- [Task item]
Return the whole listing exactly, omitting the pictures.

--- Data below Enclosed Below ---

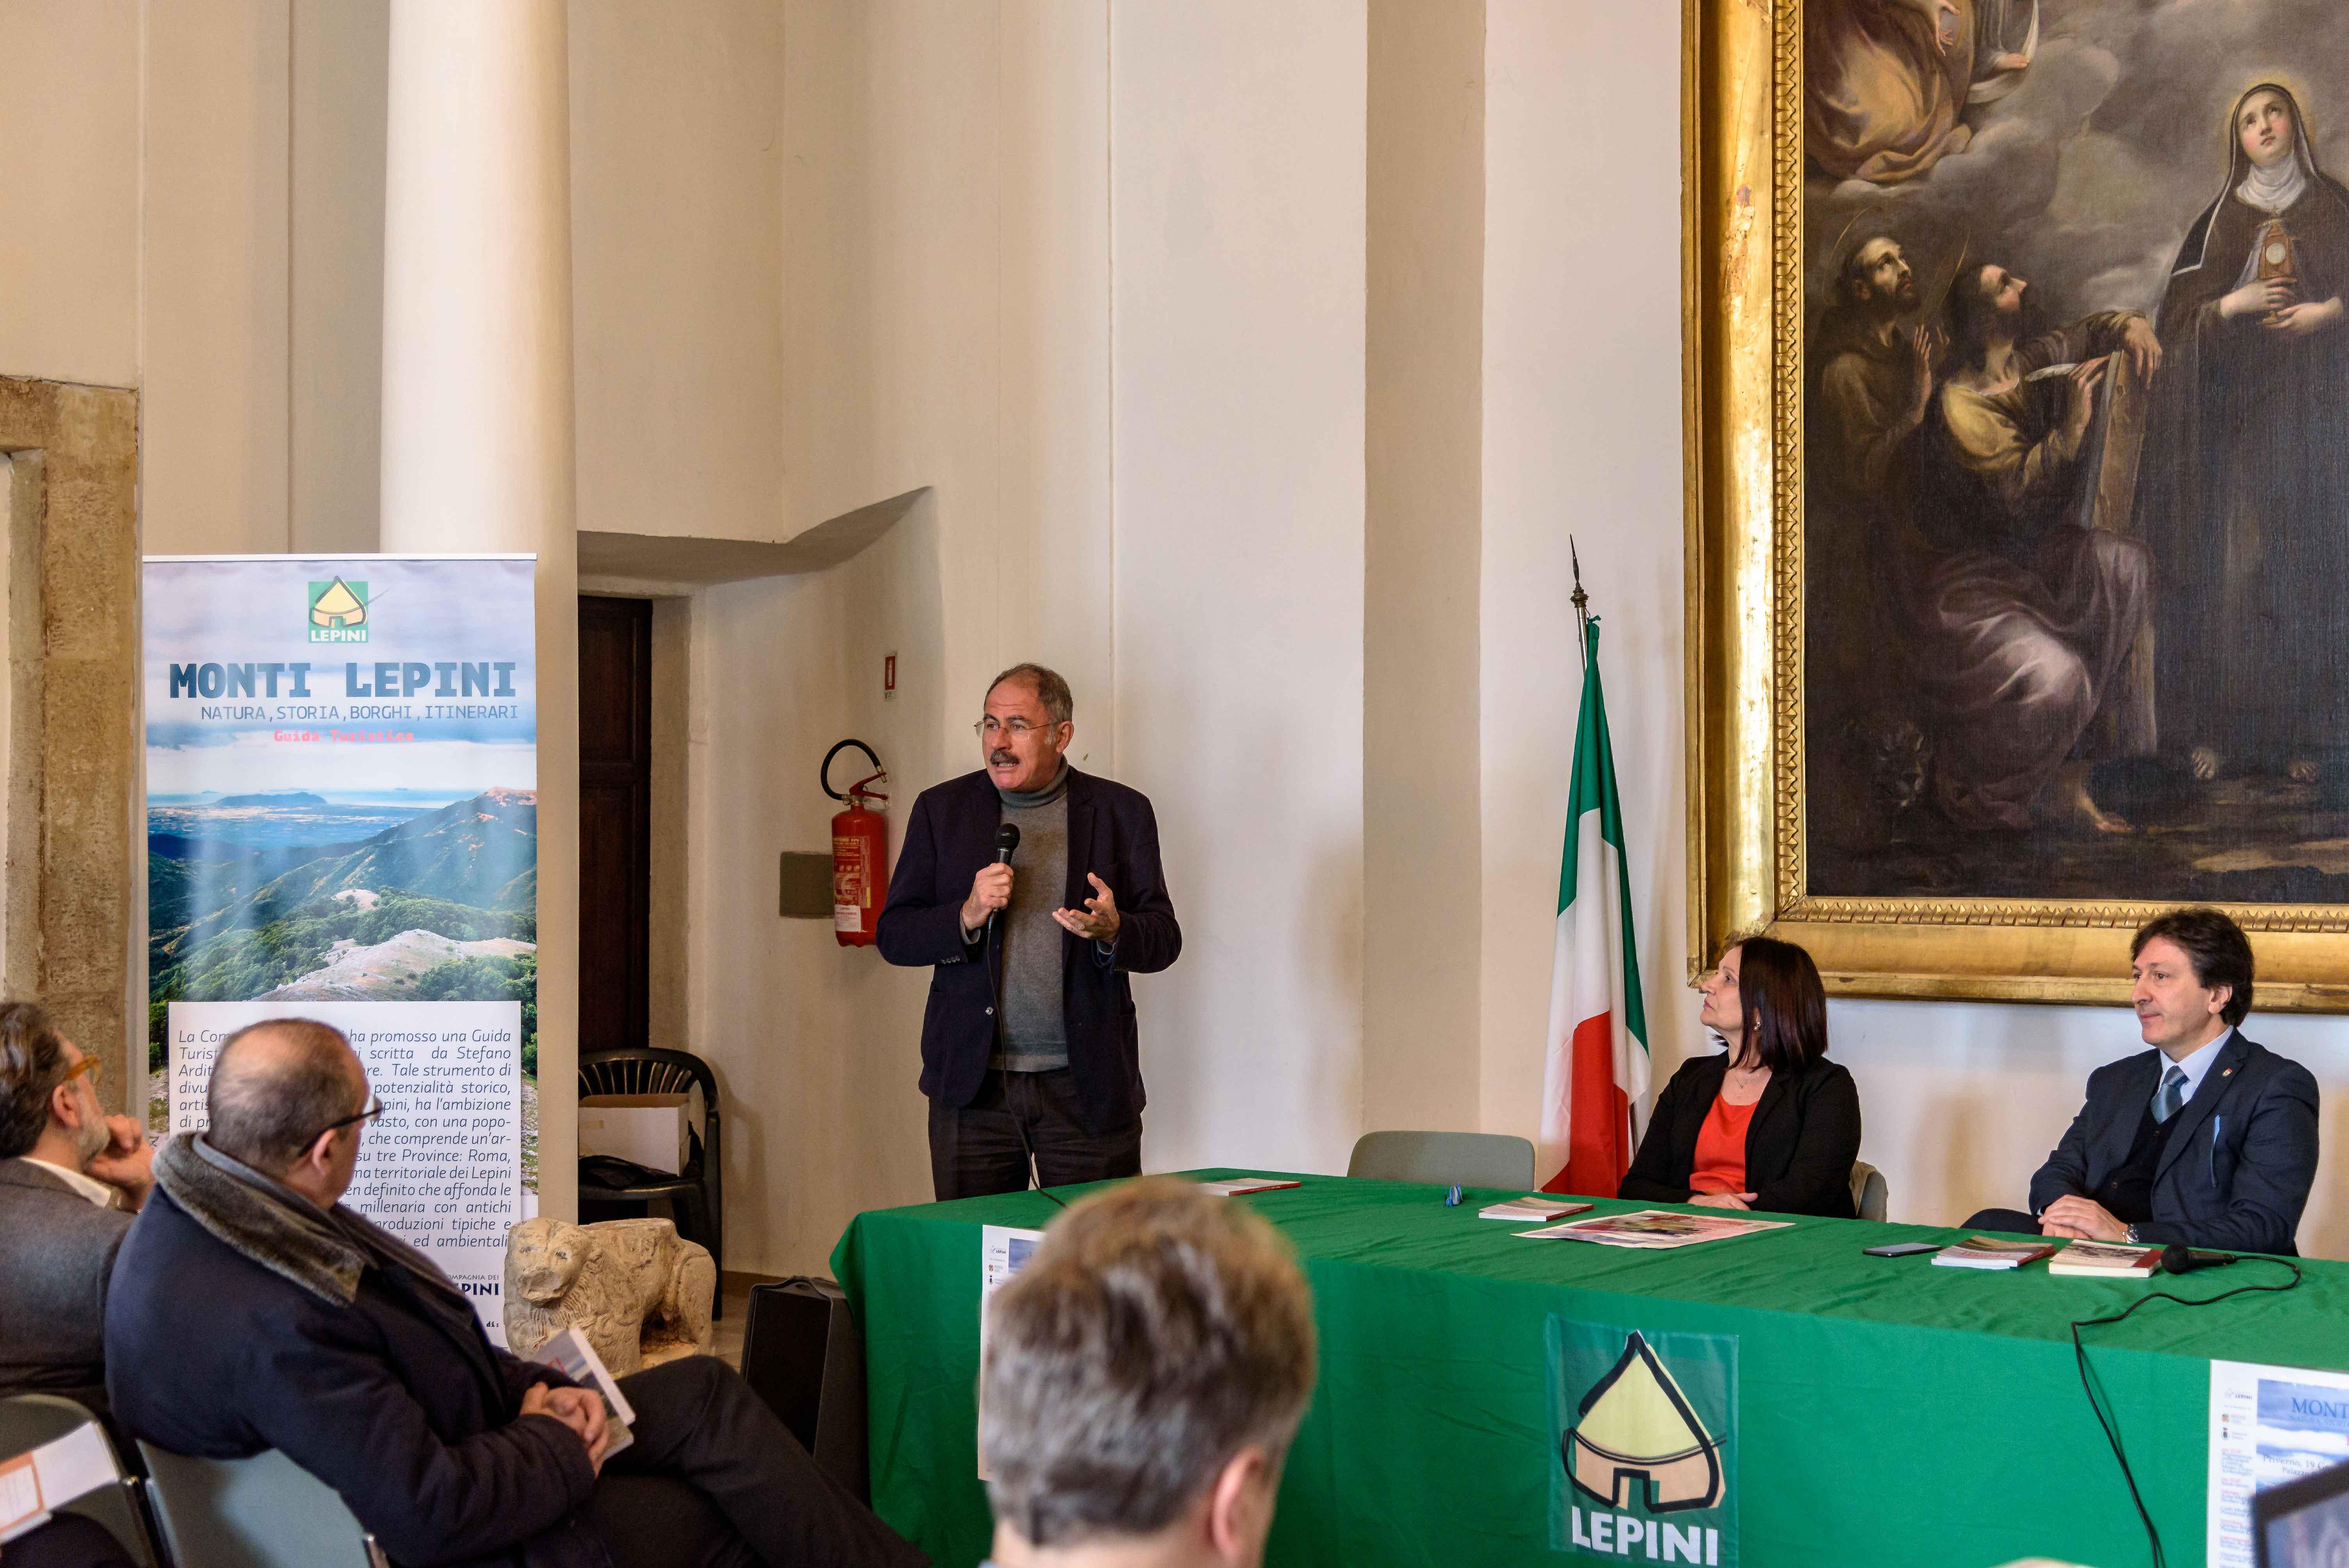 Stefano Ardito, Scrittore, Giornalista e Autore della guida
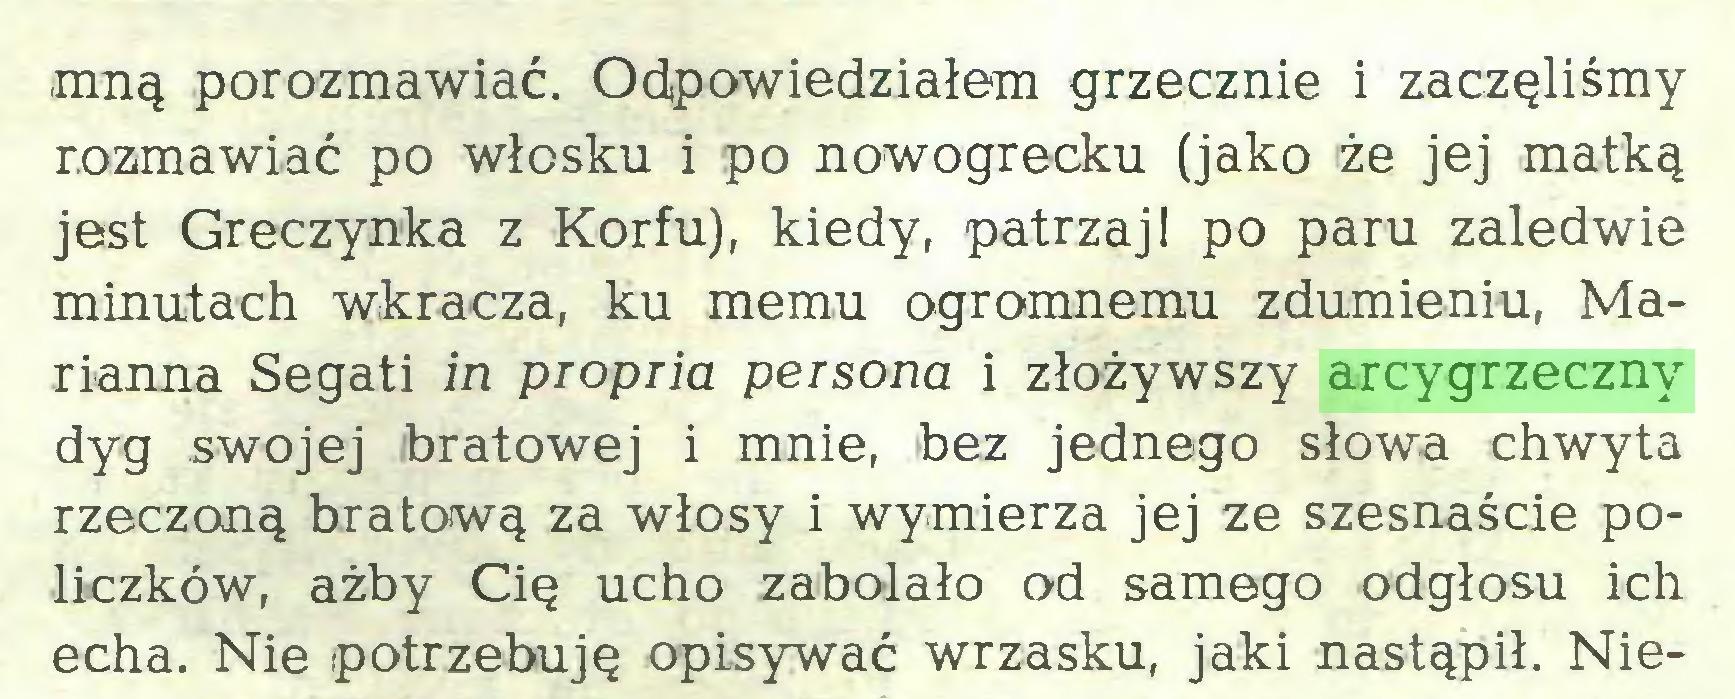 (...) .mną porozmawiać. Odpowiedziałem grzecznie i zaczęliśmy rozmawiać po włosku i po nowogrecku (jako że jej matką jest Greczynka z Korfu), kiedy, patrzaj! po paru zaledwie minutach wkracza, ku memu ogromnemu zdumieniu, Marianna Segati in propria persona i złożywszy arcygrzeczny dyg swojej (bratowej i mnie, bez jednego słowa chwyta rzeczoną bratową za włosy i wymierza jej ze szesnaście policzków, ażby Cię ucho zabolało od samego odgłosu ich echa. Nie potrzebuję opisywać wrzasku, jaki nastąpił. Nie...
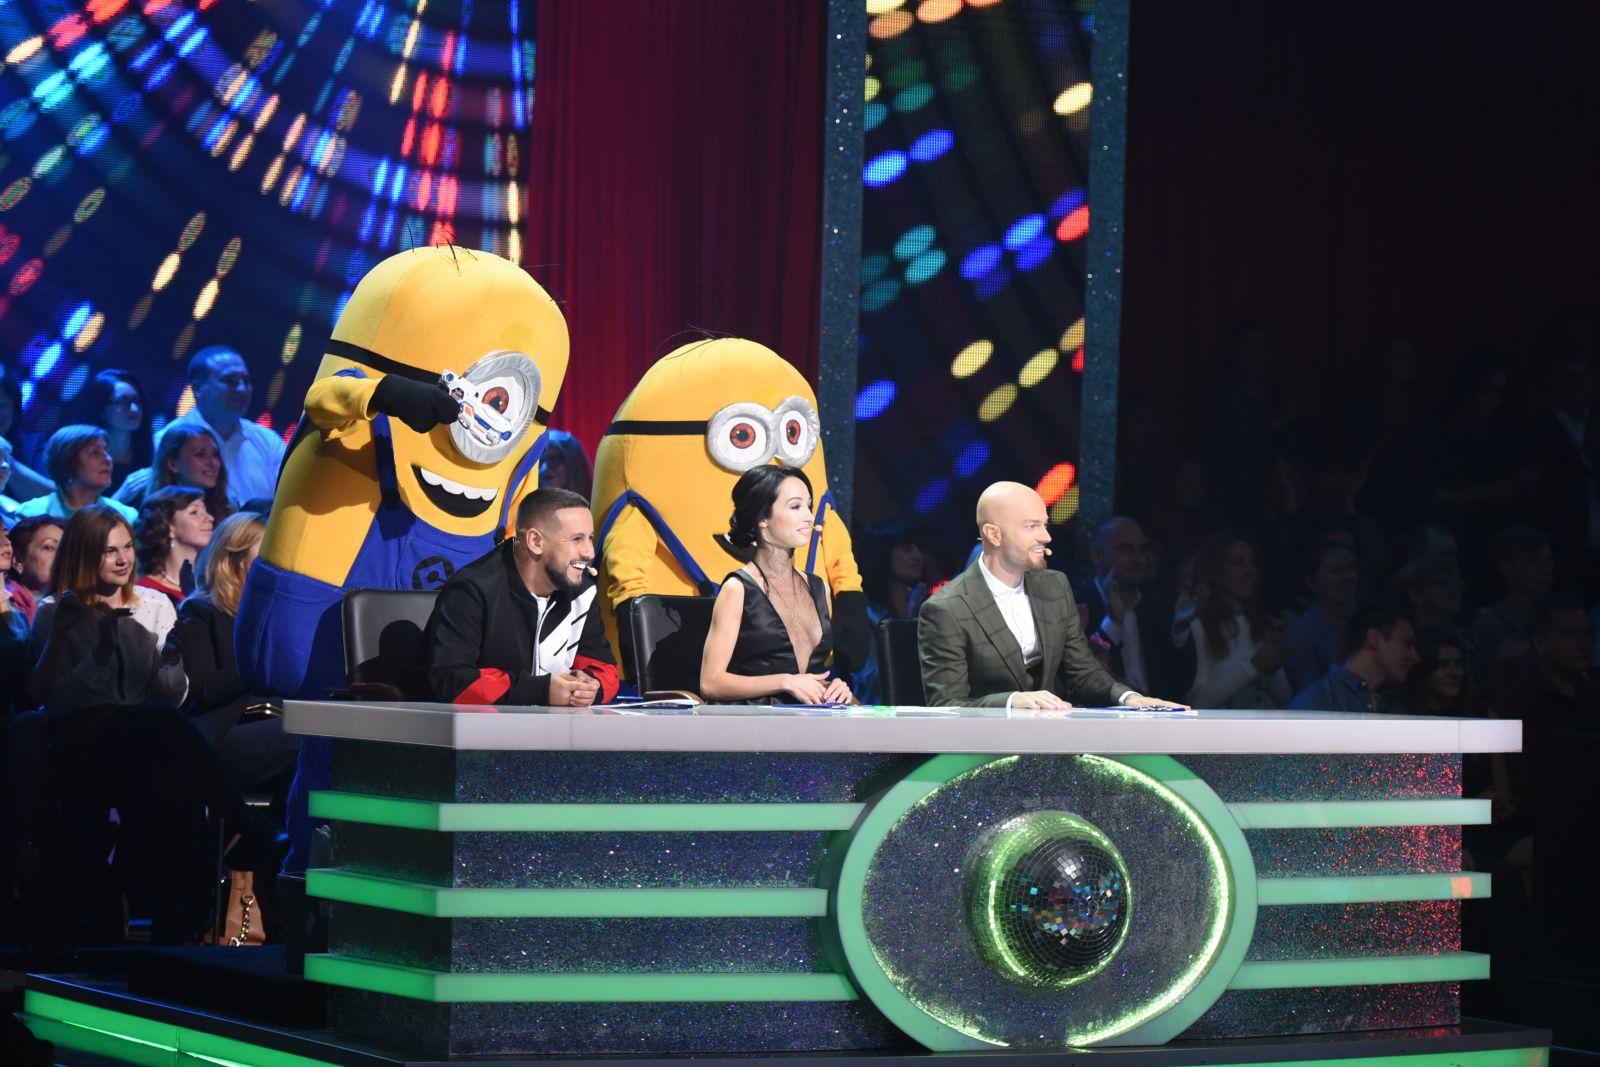 Элегантно и соблазнительно: в сети обсуждают наряд судьи шоу
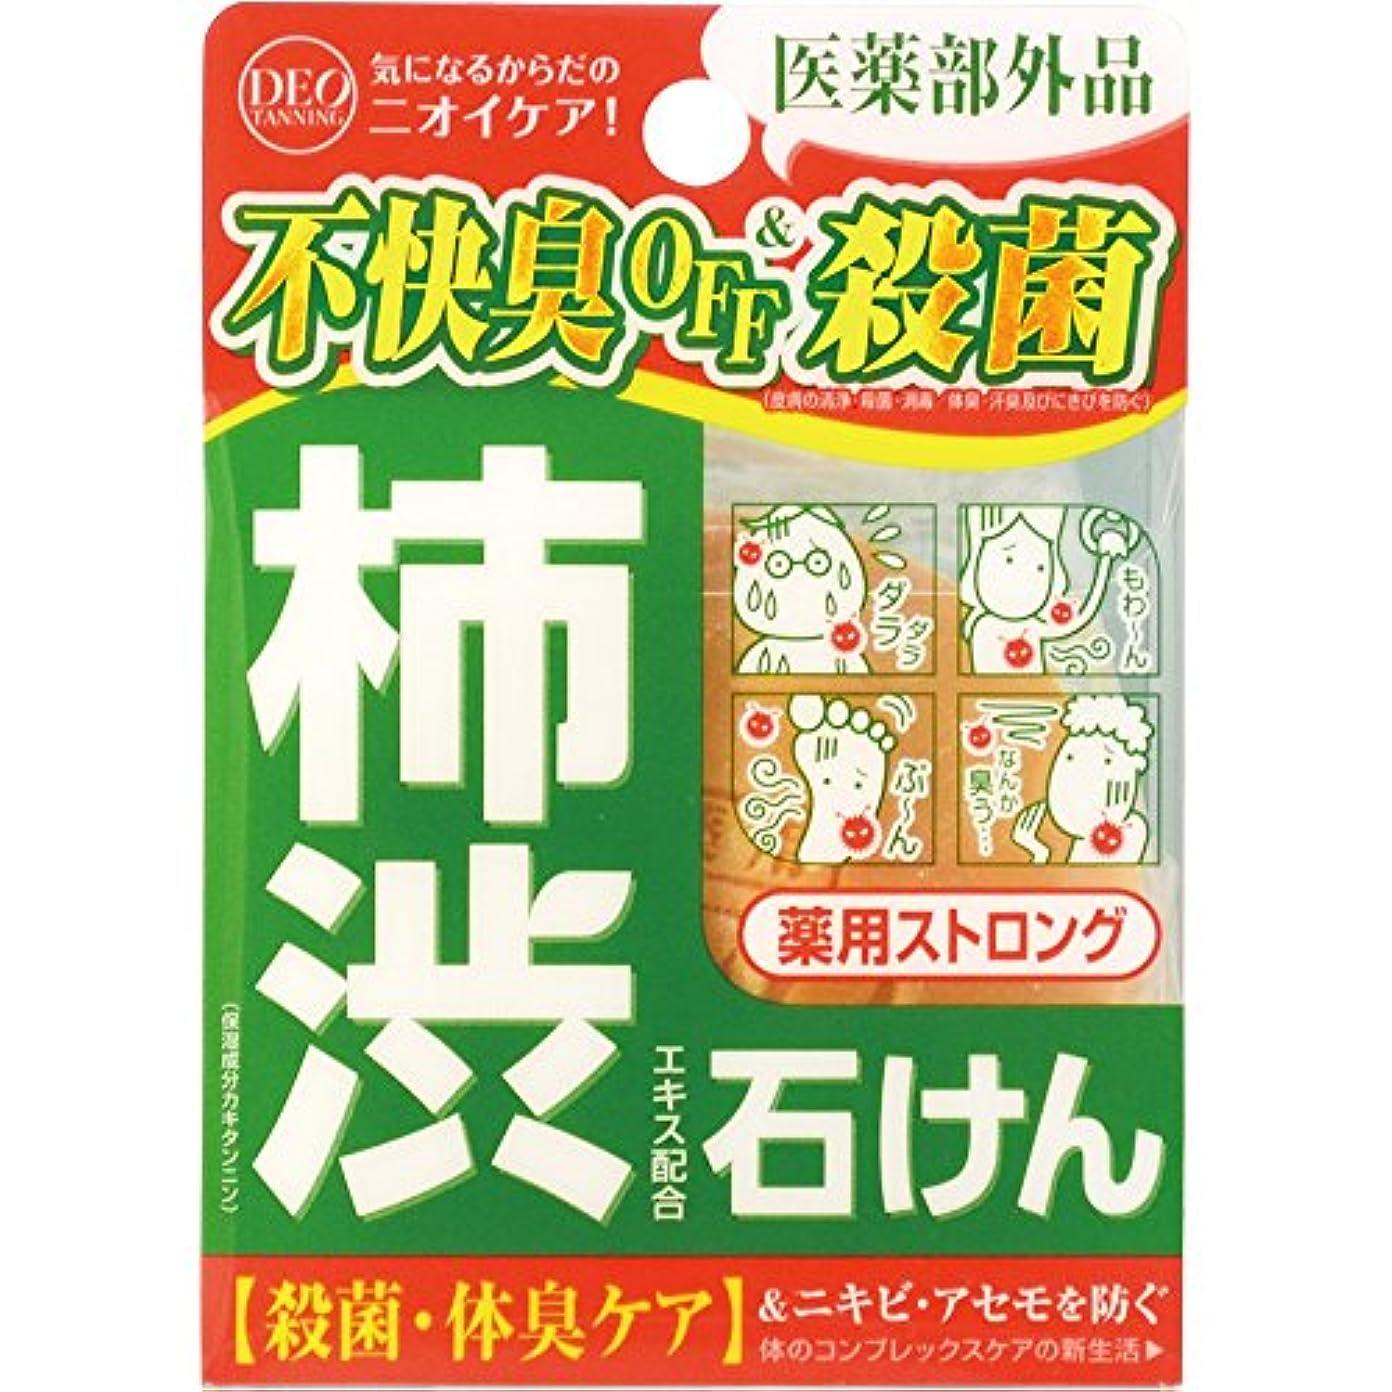 フランクワースリーフィットネスクリエイティブデオタンニング 薬用ストロング ソープ 100g (医薬部外品)

--- End of Enclosed Data below ---

- [Solution for this exercise]
 Stefano Ardito, Scrittore, Giornalista e Autore della guida
 (...) .mną porozmawiać. Odpowiedziałem grzecznie i zaczęliśmy rozmawiać po włosku i po nowogrecku (jako że jej matką jest Greczynka z Korfu), kiedy, patrzaj! po paru zaledwie minutach wkracza, ku memu ogromnemu zdumieniu, Marianna Segati in propria persona i złożywszy arcygrzeczny dyg swojej (bratowej i mnie, bez jednego słowa chwyta rzeczoną bratową za włosy i wymierza jej ze szesnaście policzków, ażby Cię ucho zabolało od samego odgłosu ich echa. Nie potrzebuję opisywać wrzasku, jaki nastąpił. Nie...
 Элегантно и соблазнительно: в сети обсуждают наряд судьи шоу
 フランクワースリーフィットネスクリエイティブデオタンニング 薬用ストロング ソープ 100g (医薬部外品)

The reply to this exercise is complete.